Bet you use something like a plastic funnel, pop the small end in the vial and send in the sling from the bell end.


----------



## verry_sweet (Dec 27, 2007)

:clap: very cool


----------



## DMTWI (Dec 27, 2007)

Just suck them little buggers up into the vials, kinda like drinking a soda.


----------



## Sr. Chencho (Dec 27, 2007)

*My Guess:*

Naw, he lures the slings in by placing a pinhead at the opposite end of the straw. It just takes a while to pack all those slings for shipment. LOL
Ryan, thanks for sharing your shipping method. My P. ornatas arrived well and very active. And yes, I hope they grow up lookin like momma. Show us the daddy.
Thanks, 
Fredster
Not as lean or mean,
Still U.S. Marine!!


----------



## Talkenlate04 (Dec 27, 2007)

DMTWI said:


> Just suck them little buggers up into the vials, kinda like drinking a soda.


Yes this is the method.


----------



## funnylori (Dec 27, 2007)

Just don't suck too hard. Those things don't taste as good as they look.


----------



## unclechewy (Dec 27, 2007)

Talkenlate04 said:


> Yes this is the method.


Come on Ryan fill us in on the secret.  :?  I think this method is a benefit to anyone that is shipping slings.


----------



## Talkenlate04 (Dec 27, 2007)

unclechewy said:


> Come on Ryan fill us in on the secret.  :?  I think this method is a benefit to anyone that is shipping slings.

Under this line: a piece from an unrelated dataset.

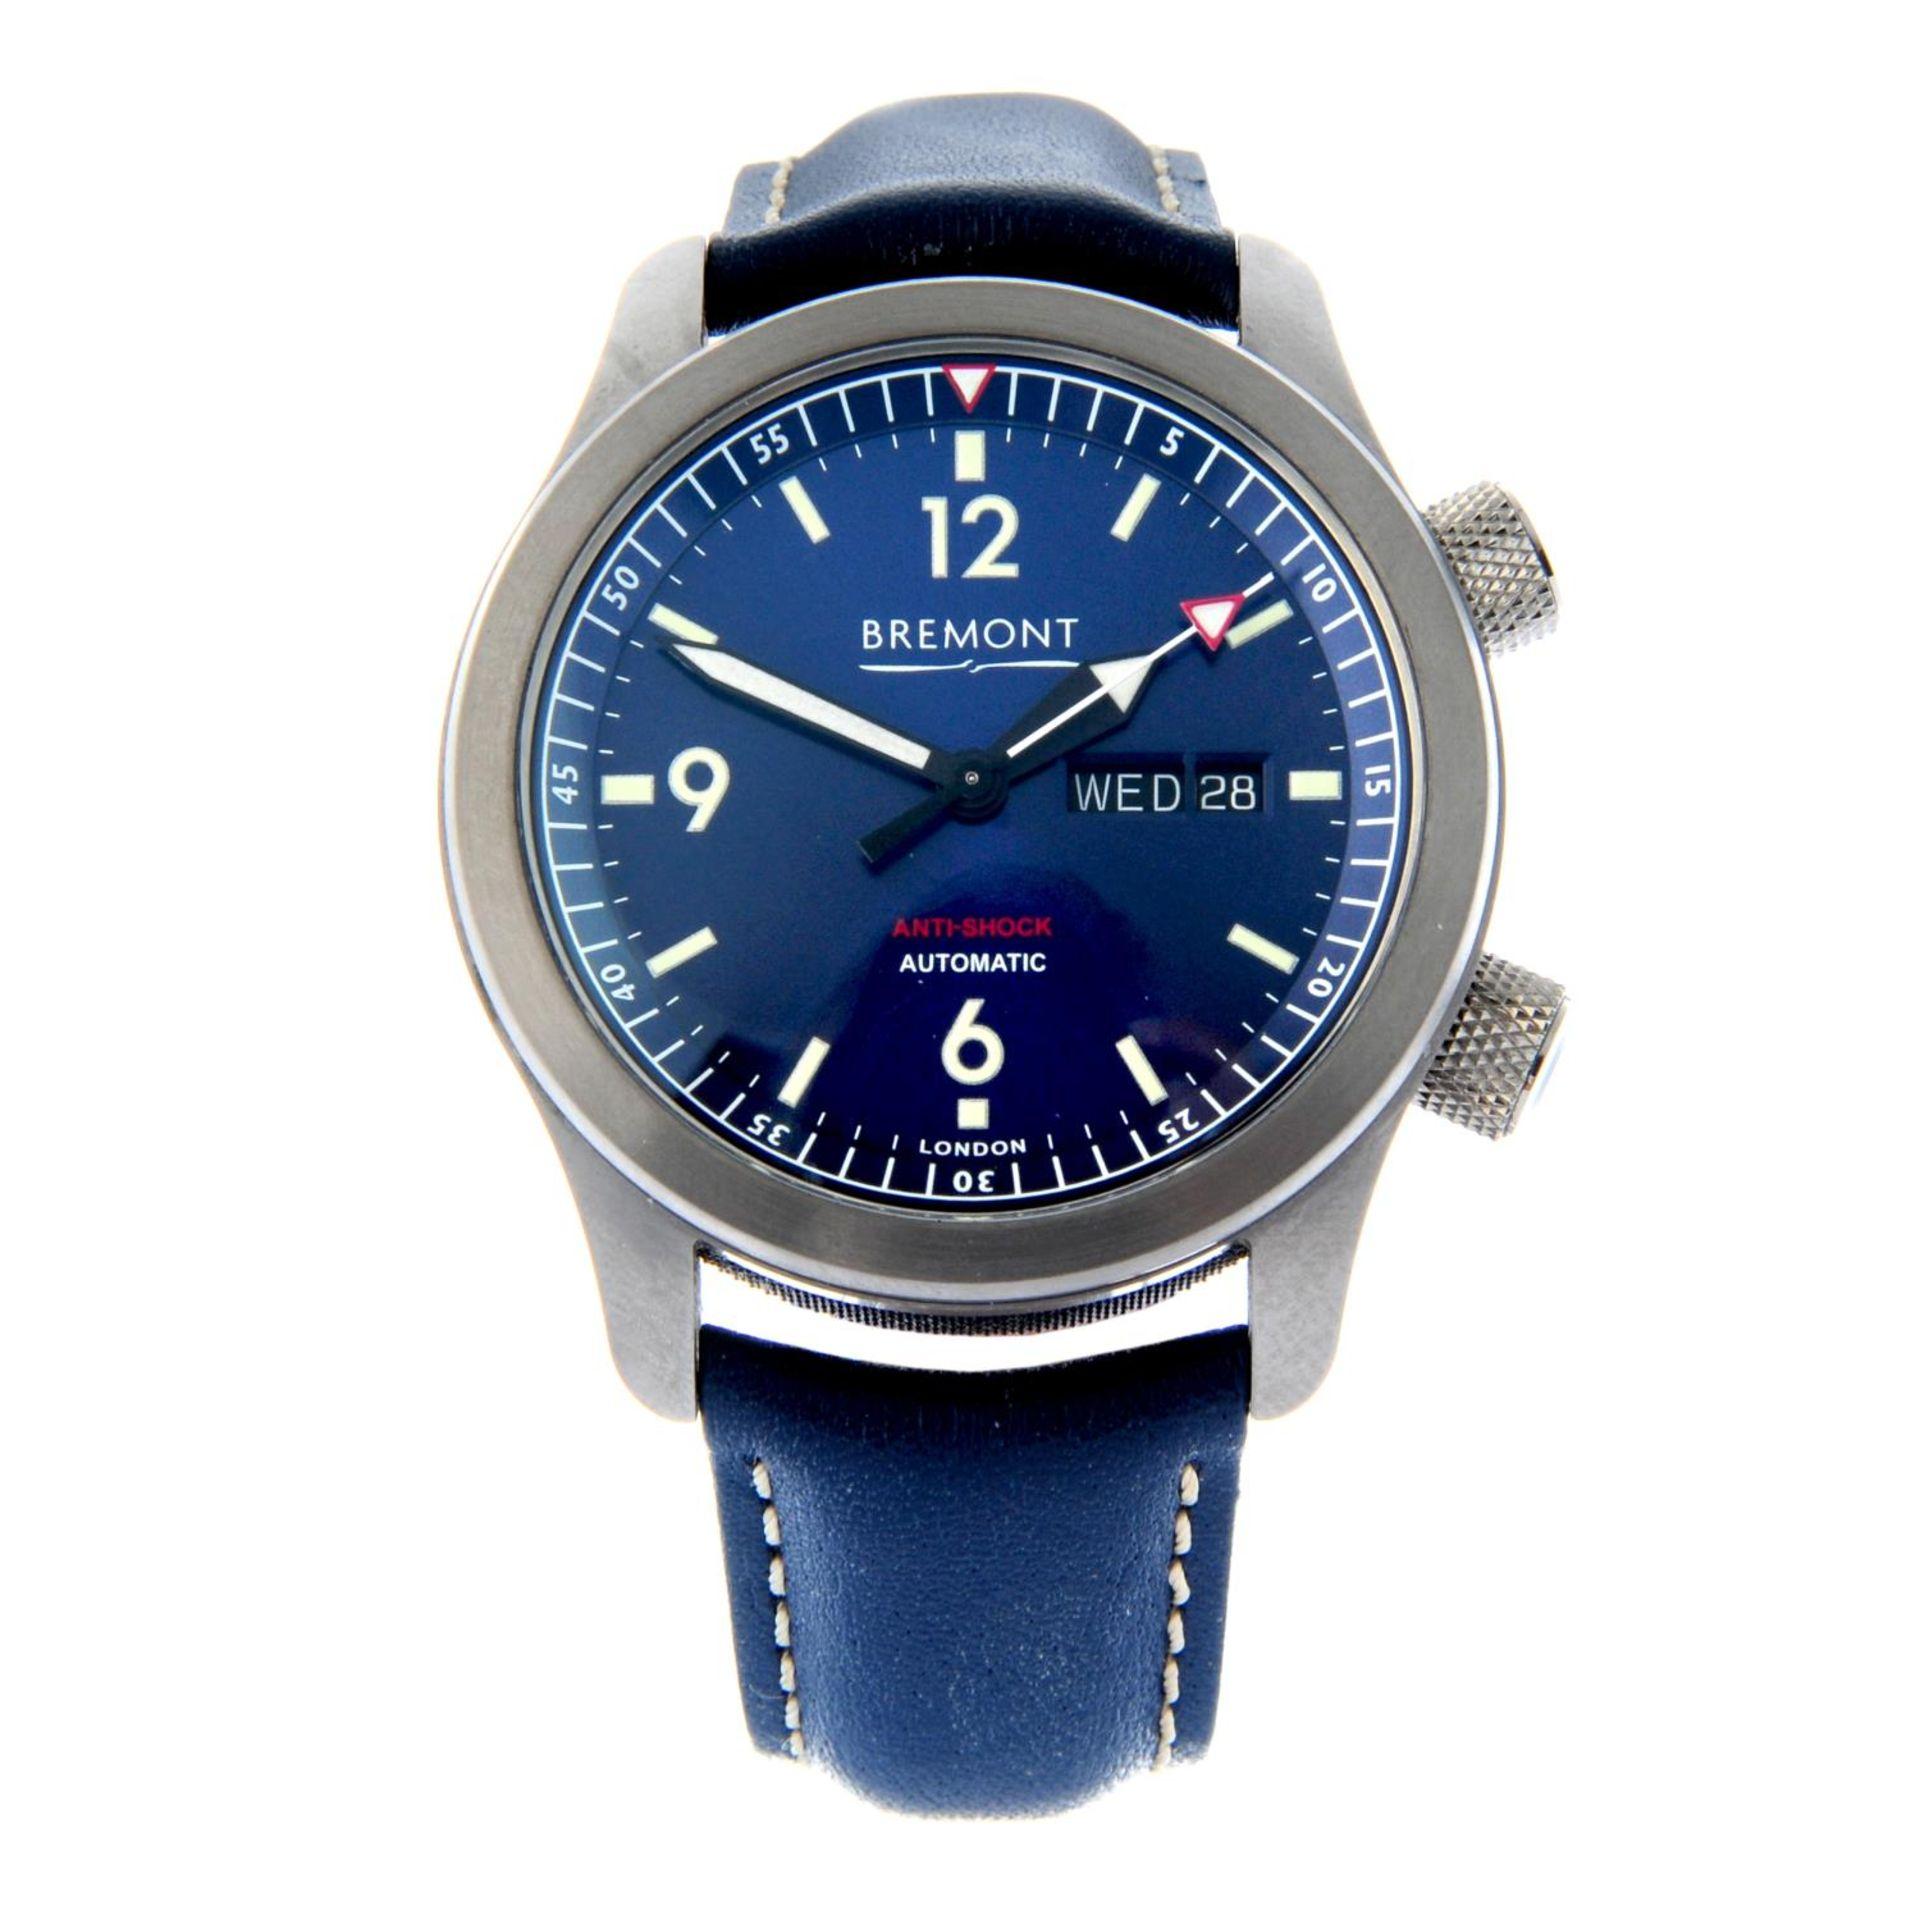 BREMONT - a U2 wrist watch.

Oh fine. Just take a piece of paper and make a small funnel that will slip over the straw. When you go to pack the slings just let them out on the floor and they run right into the funnel. They naturally like to jam themselves in small spaces so they run right into the straw. 100+ slings took me about an hour to completely pack.


----------



## TTstinger (Dec 28, 2007)

good idea I was using the small vials that are just like this but this will cost much less great idea mate.


----------



## xhexdx (Dec 28, 2007)

That's a really good method and looks like you can send them in those envelopes and still not have to worry about them being banged up.

Great idea!

So what do you do with larger Ts?


----------



## GailC (Dec 28, 2007)

This is fantastic! I have to ship 20+ slings out in a few days, I can't wait to try your method.


----------



## Nich (Dec 28, 2007)

Great idea! i dont know how anyone could gripe about that one, looks alot safer for the T than bouncing around in a 20 dram vial! Kudos on the new way to pack slings.


----------



## scolex (Dec 29, 2007)

I wanted to thank you for sharing this info, looks very nice. Now If I could just get one of them slings from you!


----------



## Zelli (Dec 30, 2007)

Do you hold off on shipping for impending molts? Or just hope they won't try on the way there?


----------



## cabal (Dec 30, 2007)

Talkenlate04 I LOVE IT :worship: :worship: :worship: :worship: :worship:


----------



## Talkenlate04 (Dec 30, 2007)

Zelli said:


> Do you hold off on shipping for impending molts? Or just hope they won't try on the way there?


Most of the slings I ship are freshly molted within the last week or a little more, but if I think a molt is coming ill wait.


----------